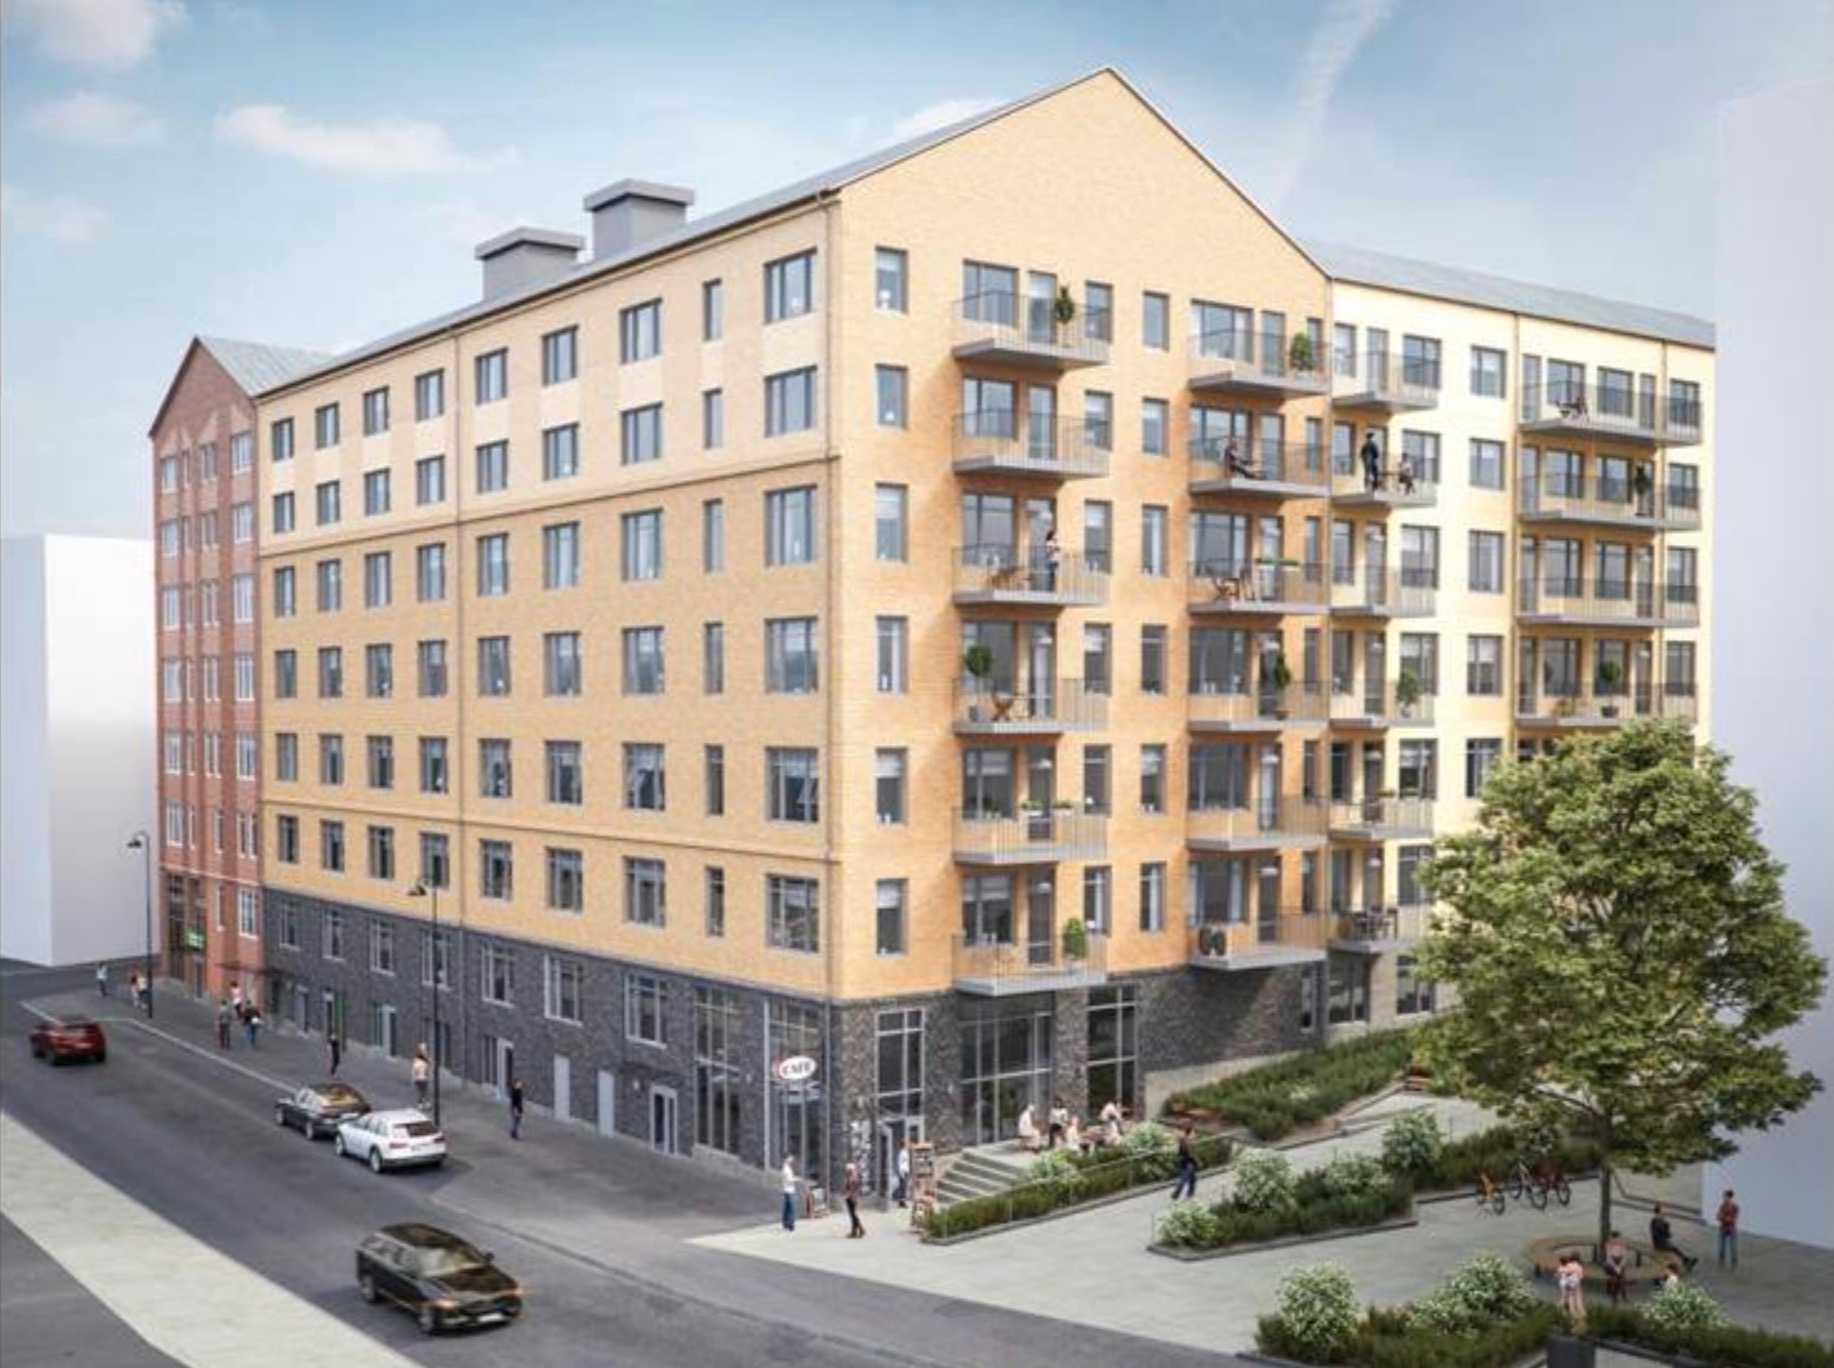 Här på Kvarngatan i Norrköping ska det byggas hyreslägenheter och äldreboende.
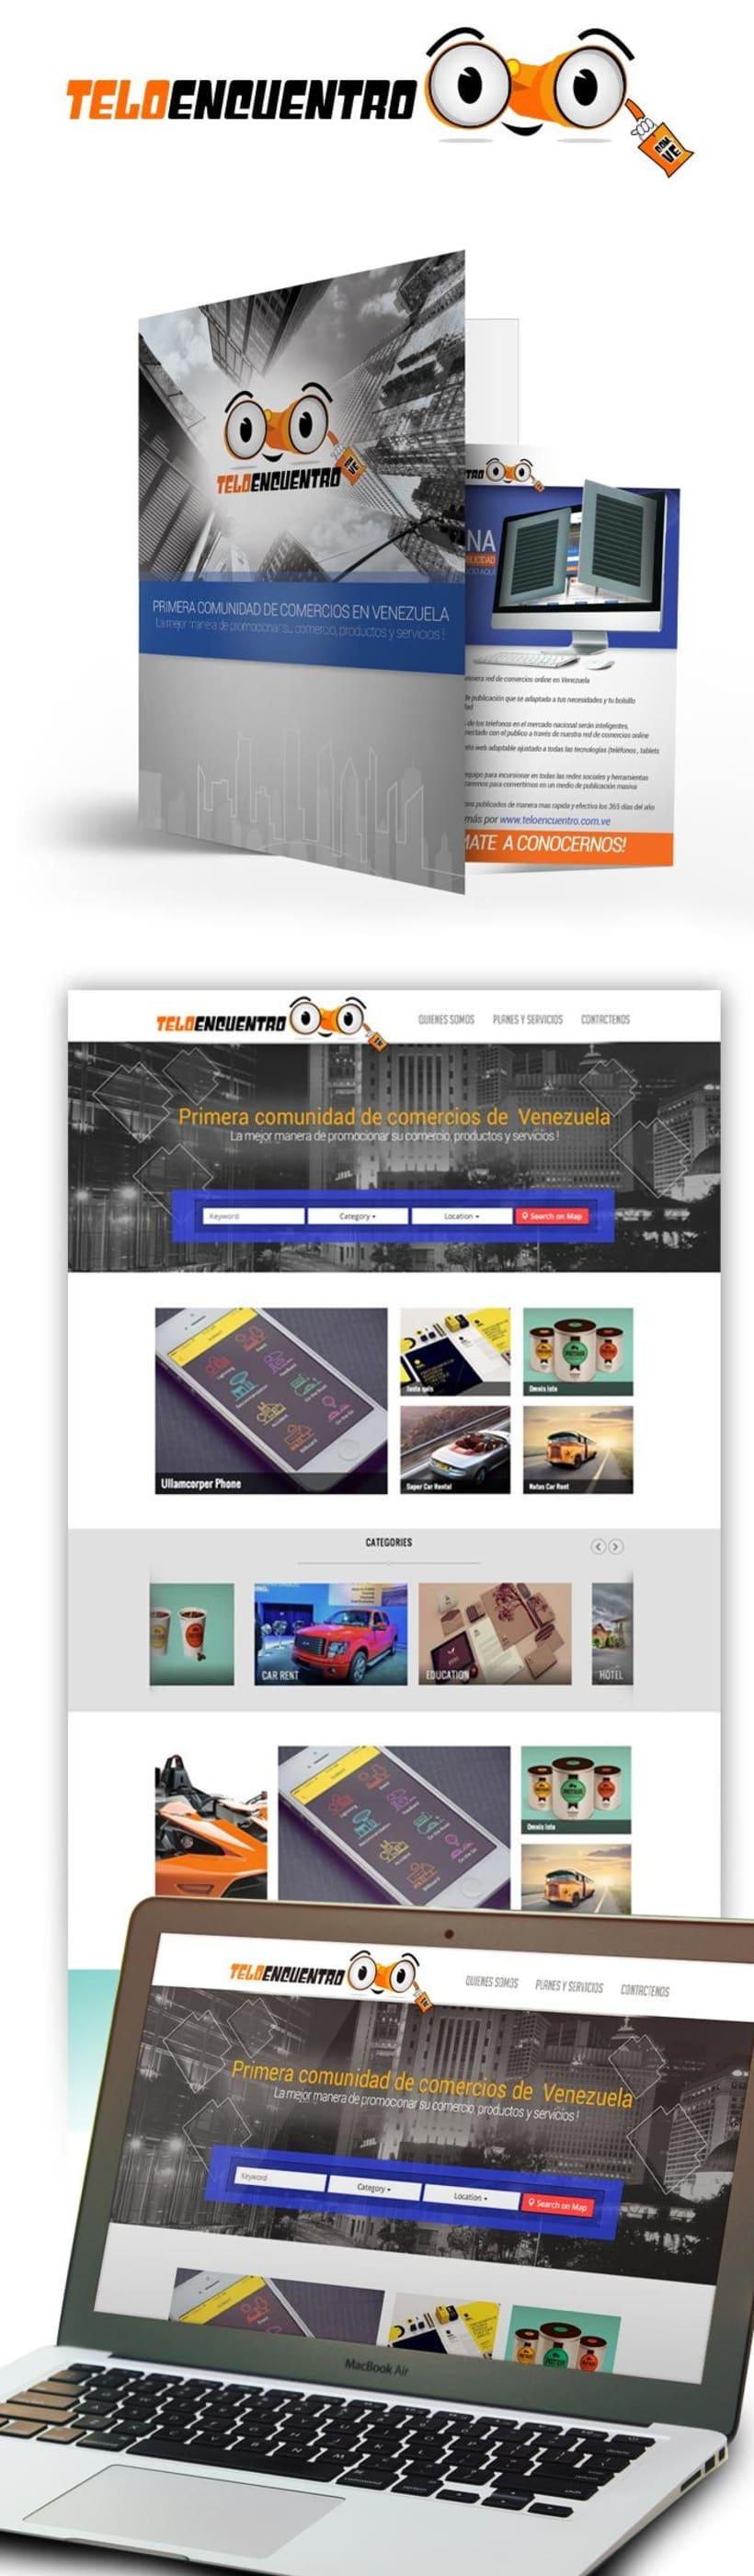 Teloencuentro.com.ve 0
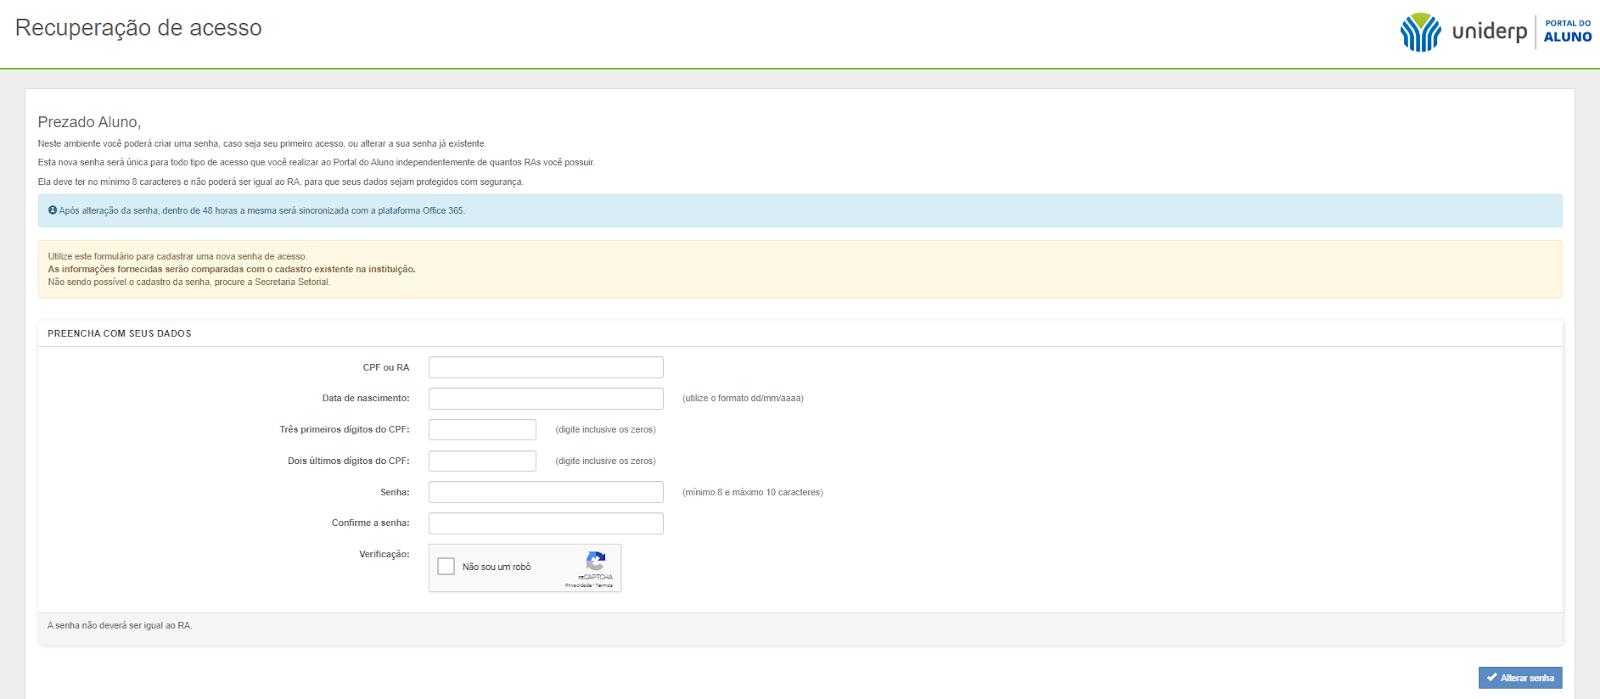 primeiro acesso portal do aluno uniderp
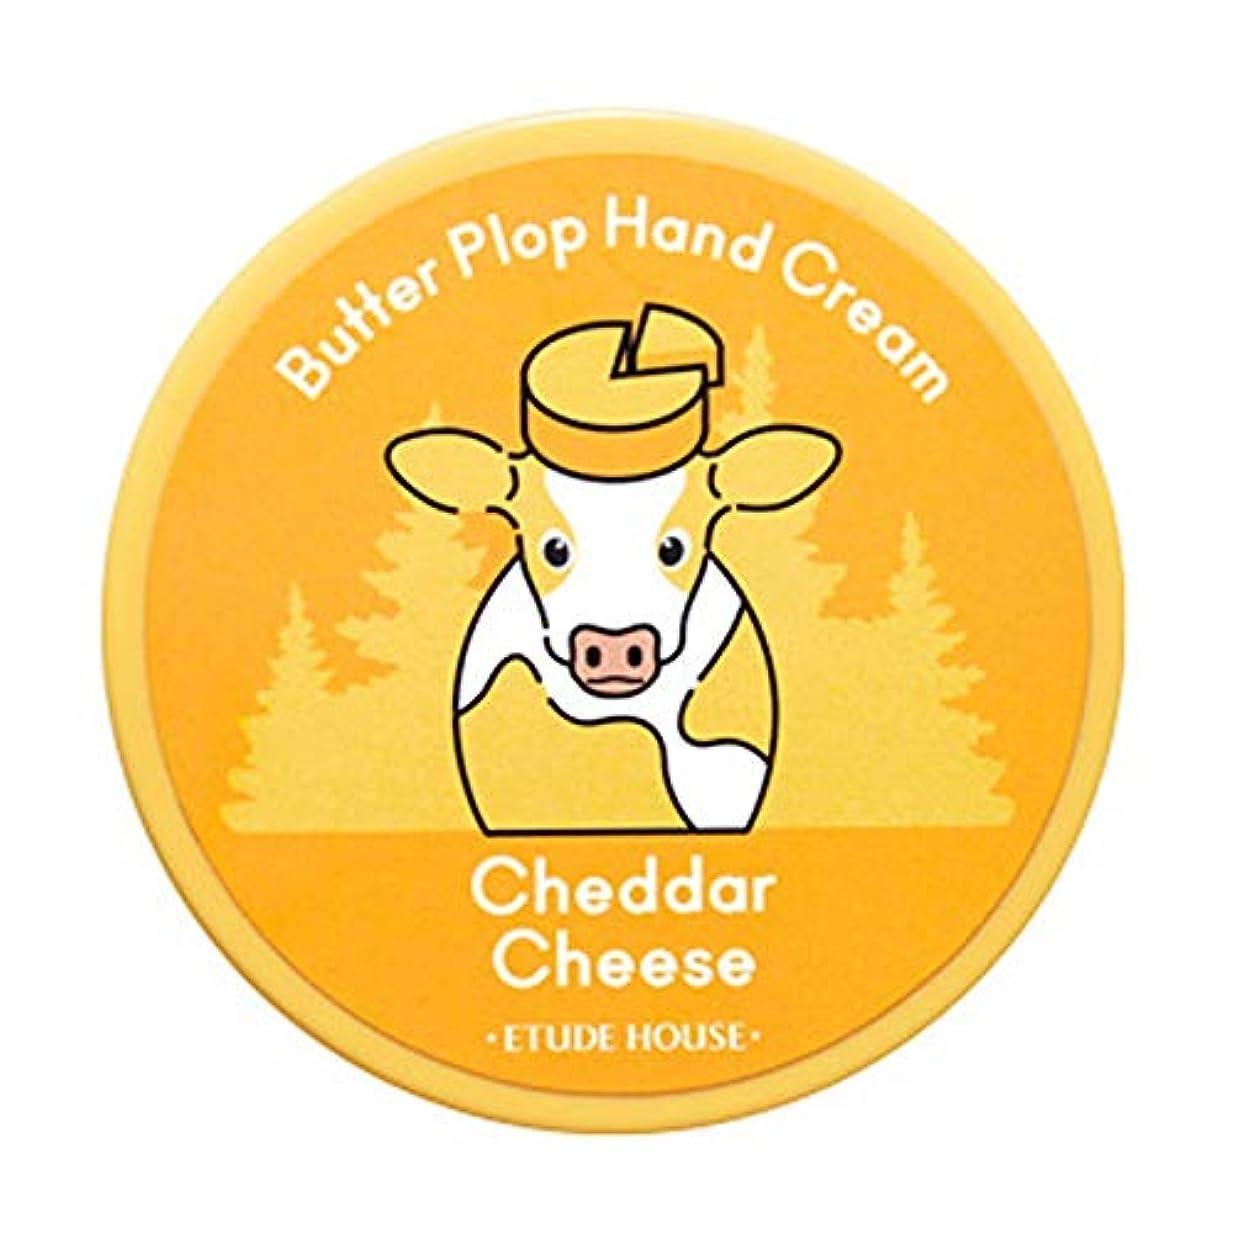 周り吸う襟Etude House Butter Plop Hand Cream 25ml エチュードハウス バターぽちゃんハンドクリーム (#04 Cheddar Cheese) [並行輸入品]
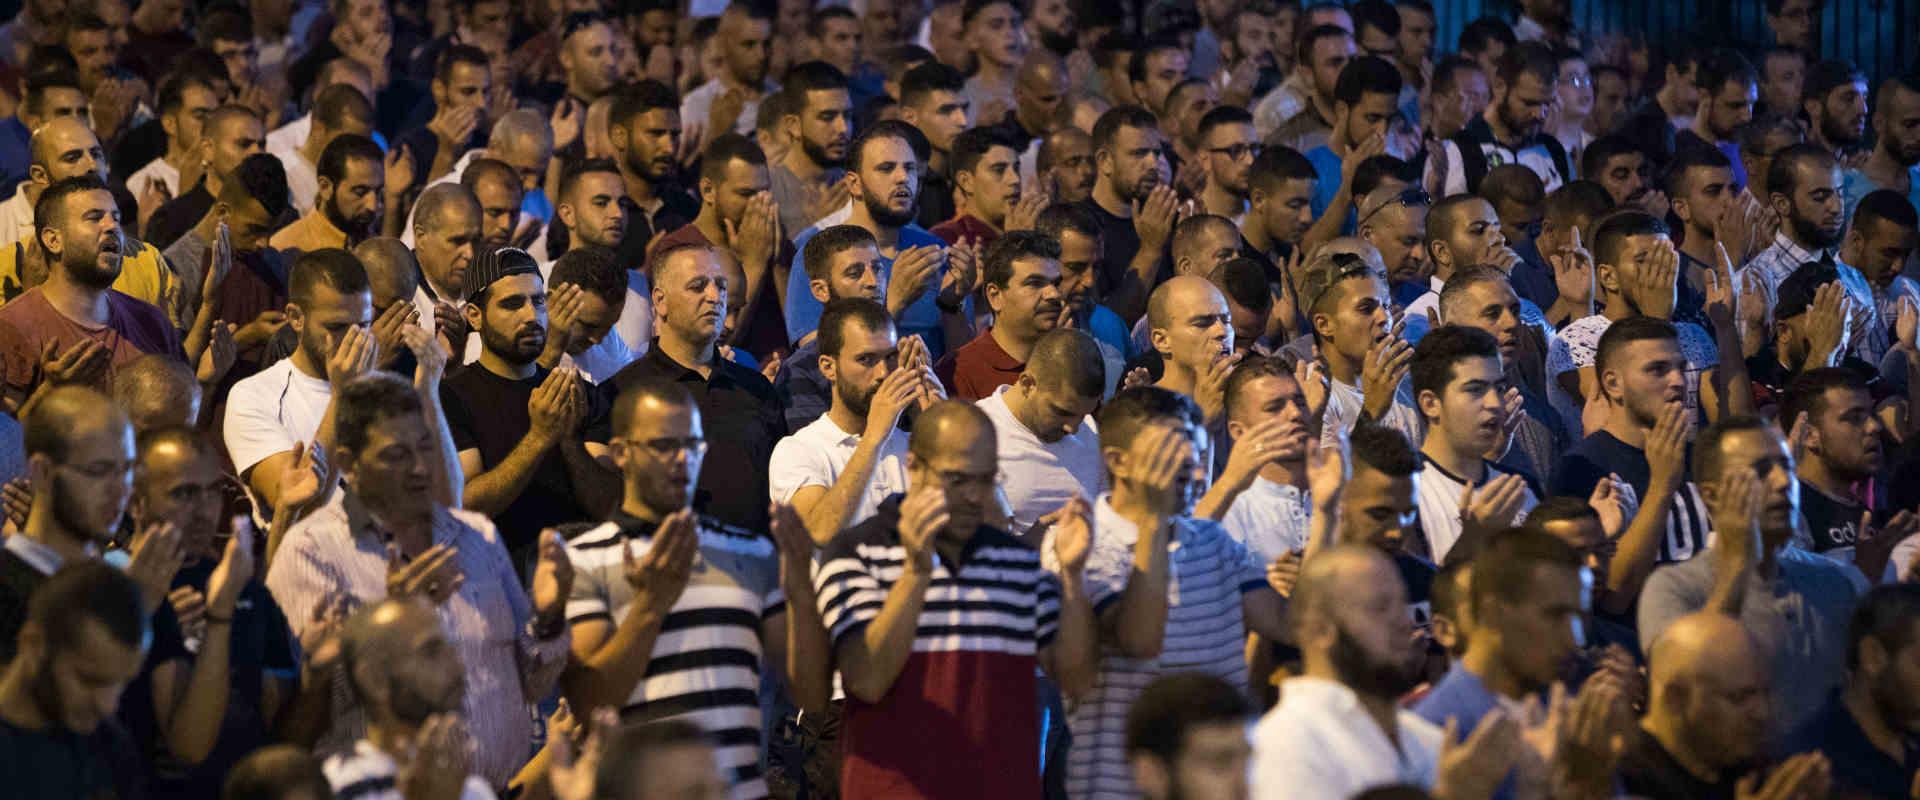 פלסטיינם מתפללים מחוץ להר-הבית

**********

In the entries above, find the line containing "周り吸う襟Etude House Butter", then please retype it and every line after it through the last, exactly as written, omitting pictures.

 周り吸う襟Etude House Butter Plop Hand Cream 25ml エチュードハウス バターぽちゃんハンドクリーム (#04 Cheddar Cheese) [並行輸入品]
 פלסטיינם מתפללים מחוץ להר-הבית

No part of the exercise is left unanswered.